To my great relief, we didn't have as many attendees as we had prepared for, and about half of the attendees were people I feel relatively comfortable with, so I didn't feel as awkward and uncomfortable as I might have.
Jonah's mom is kind of a "take-charge" gal and is accustomed to getting things prepared and ready on her own, so I didn't have as much responsibility, so that was nice, too. Jonah's mom (Jonah is Hispanic, you may recall) would call me "mijo," which is a term of endearment like "dear," but is actually created by the words "mi" and "hijo" meaning "my son," so that really makes me feel like a part of the family.
I mostly chatted with Jonah's sister and her boyfriend, with whom I've become closer with, and that was nice. Jonah's other sister and I talked, too, and she asked me how long Jonah and I had been together, and I said "six years," and she said when she would see a picture of me, she would say, "That's my brother-in-law," but that she hadn't ever talked openly about Jonah and me with any of her family members. Be she said she liked all of her brothers-in-law, including me. It was a nice conversation, and I felt she was honestly trying to make a connection with me.
There were some games and stuff, too, which I mostly watched, but it was fun to watch. Jonah had to leave just as the party was getting started because he had to work, so I had to take over hosting duties, which wasn't preferred, but was necessary.
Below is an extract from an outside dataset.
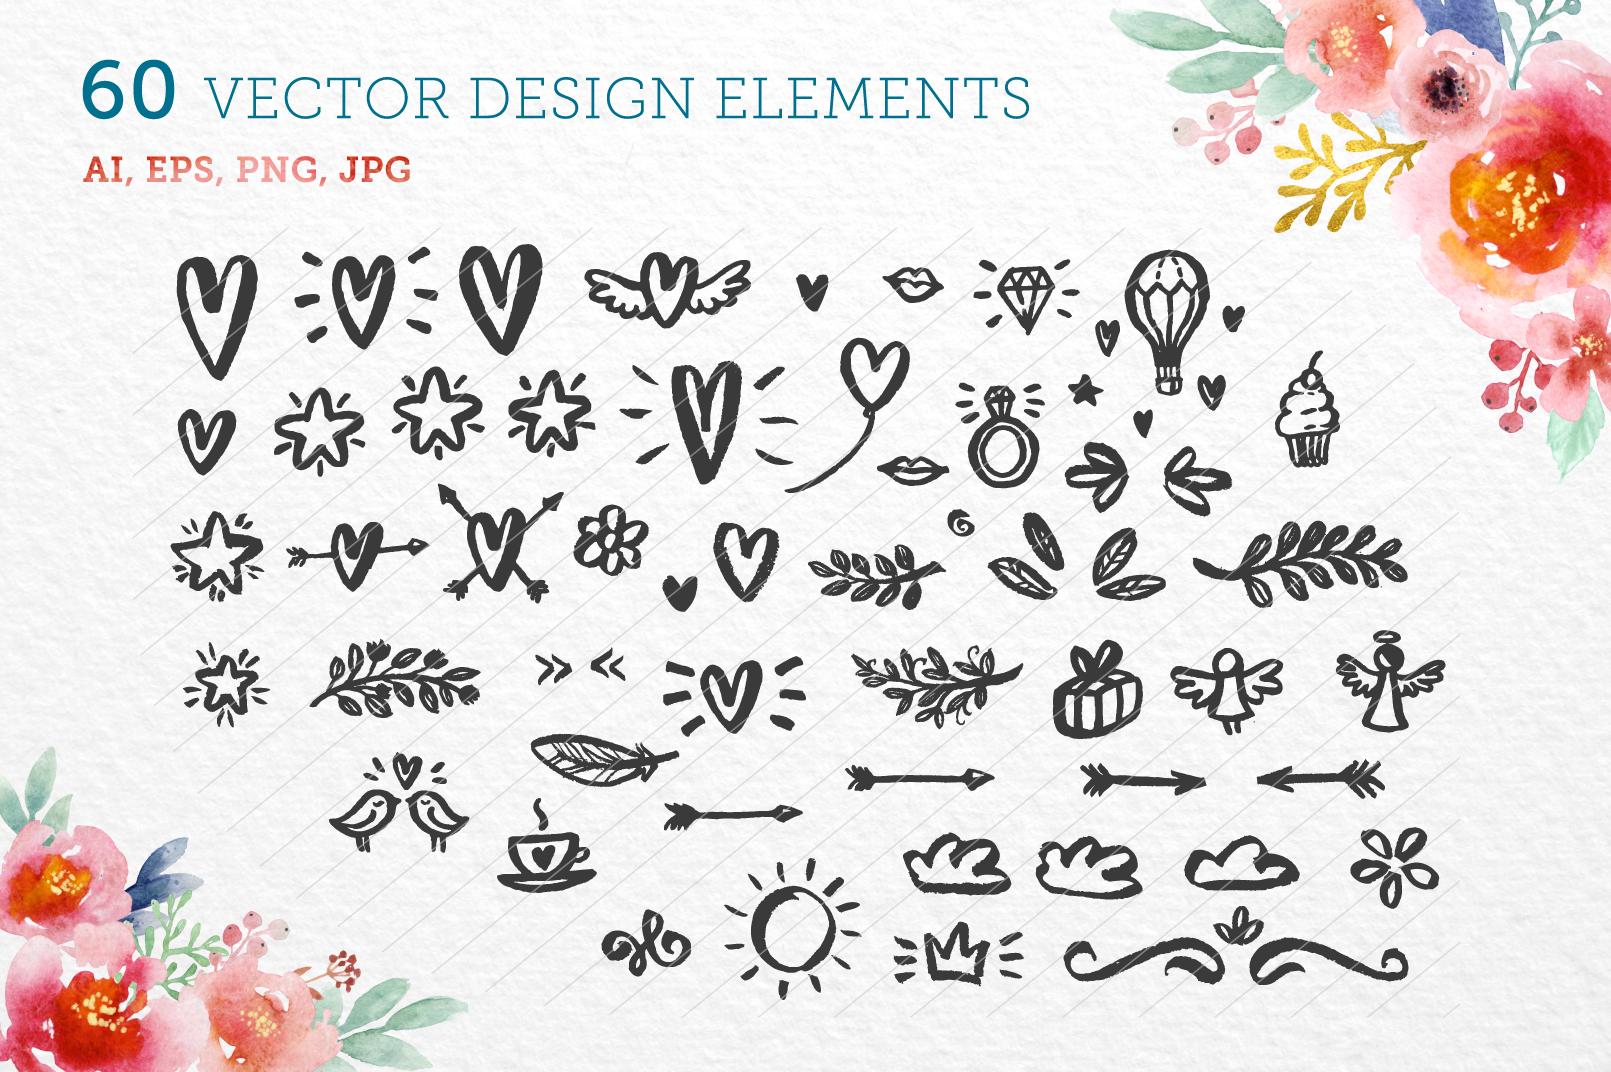 60 vector design elements example image 1

I really sincerely appreciated the opportunity to get to know Jonah's family better and to develop a relationship with them, and the party was enjoyable, but I'd be lying if I didn't say I was happy when it ended. Jonah's mom and dad were the last to leave. They caught a ride back to their home with Jonah's sister and her boyfriend, so I was left alone, and it's such a relief for me when the last of a big group of people have left the house.
I was so emotionally exhausted, and I was so thankful for the silence that permeated the house. I enjoyed the party more than I thought I would and I enjoyed getting to spend time with Jonah's family, but was grateful that I could go quietly to bed until Jonah came home from work.